As part of its expanding probe, the safety board also is looking at external factors. On Sunday it said investigators already have examined wiring, circuit boards and other battery-related components removed from the aircraft. Investigators also intend to test components that feed power into the battery, according to the update.

On Tuesday, according to the NTSB, a group of safety experts will meet in Arizona "to test and examine the battery charger," which is manufactured there by Secureplane Technologies Inc., a unit of Meggitt PLC.

The safety board took the unusual step of releasing an update to its 787 investigation just after midnight, during a three-day weekend including a federal holiday. The world-wide grounding of Boeing 787s is now stretching into its fifth day, as the company and U.S. and Japanese investigators work to find the causes of the two incidents.

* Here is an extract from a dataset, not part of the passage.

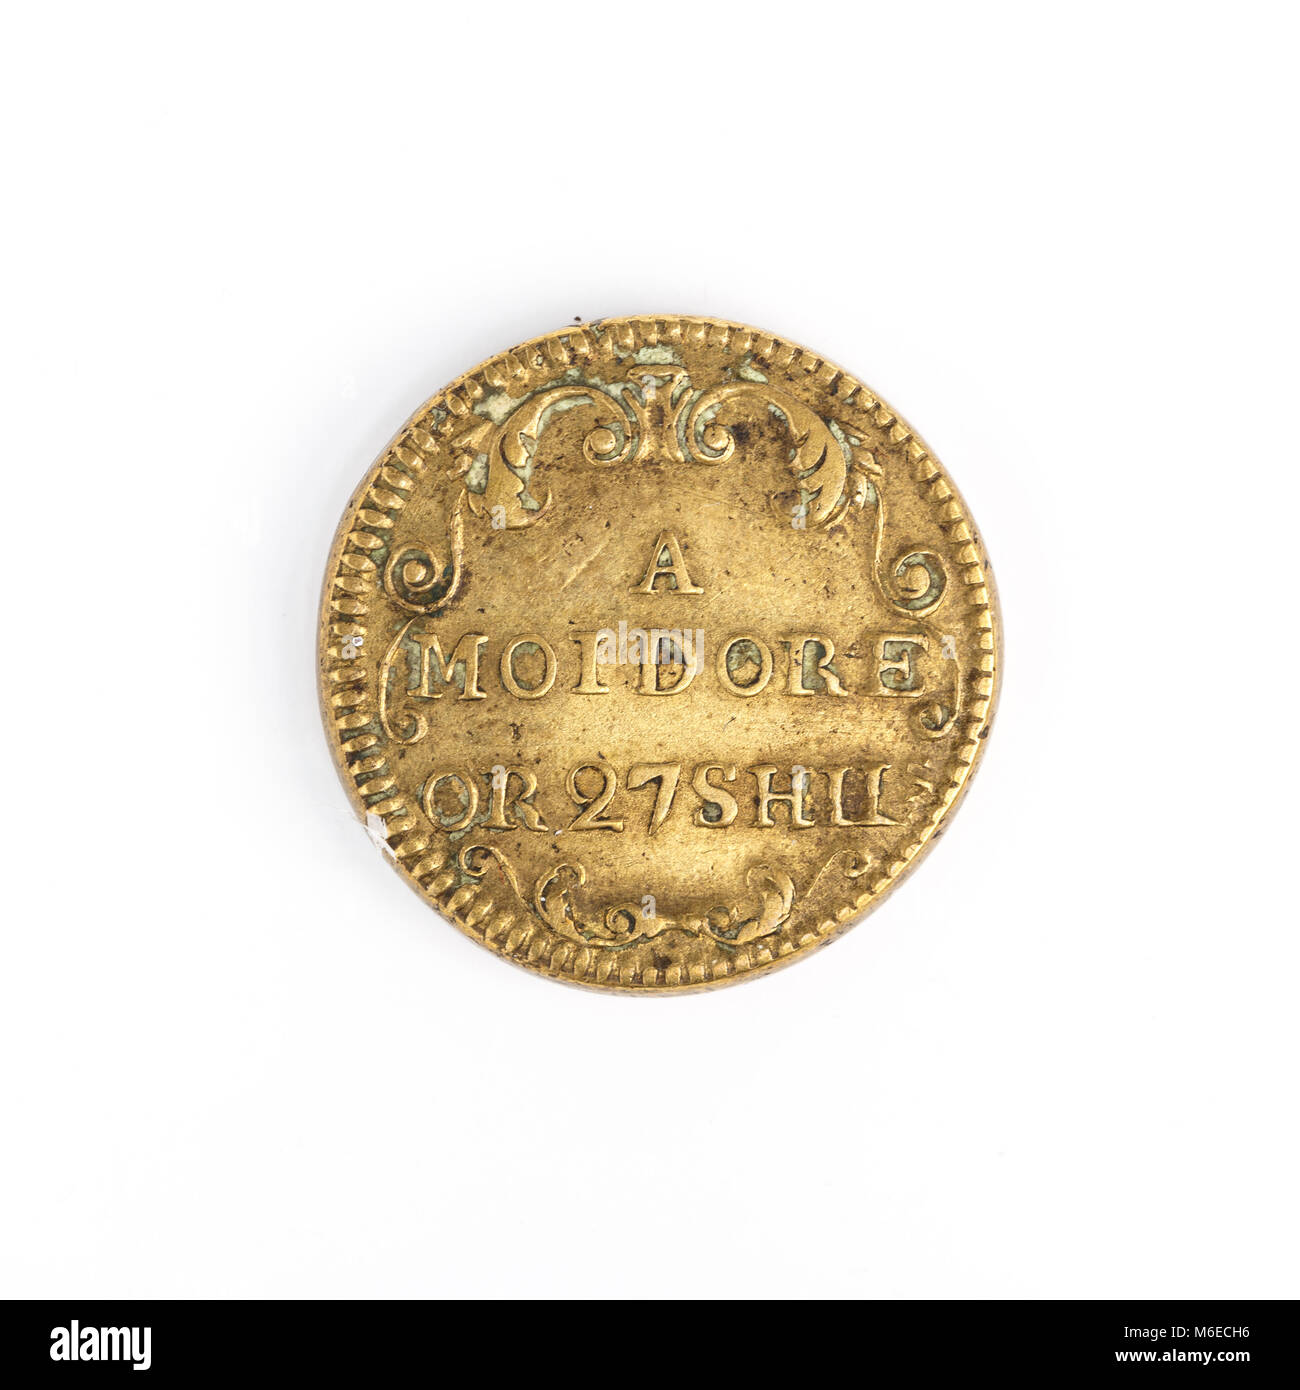 Un Moidore o 27 Shils (chelines), peso de moneda emitida durante el reinado de George ll. Moidore portugués fue una moneda en circulación en el Reino Unido en el momento. Foto de stock

The NTSB also said that certain parts removed from the JAL 787 have been sent to Boeing for analysis and download of data at the company's facilities, a step that could assist the Chicago plane maker in developing potential interim safeguards needed to return the fleet to service. Previously, Boeing officials expressed frustration that some data gathered by government investigators hadn't yet been provided to the company.

When the FAA last Wednesday ordered the 787 fleet in the U.S. grounded, the emergency directive effectively put a halt to all deliveries of new Dreamliners because Boeing is prohibited from conducting test flights of yet-to-be-delivered 787s. Boeing formally announced a moratorium on Dreamliner deliveries Friday.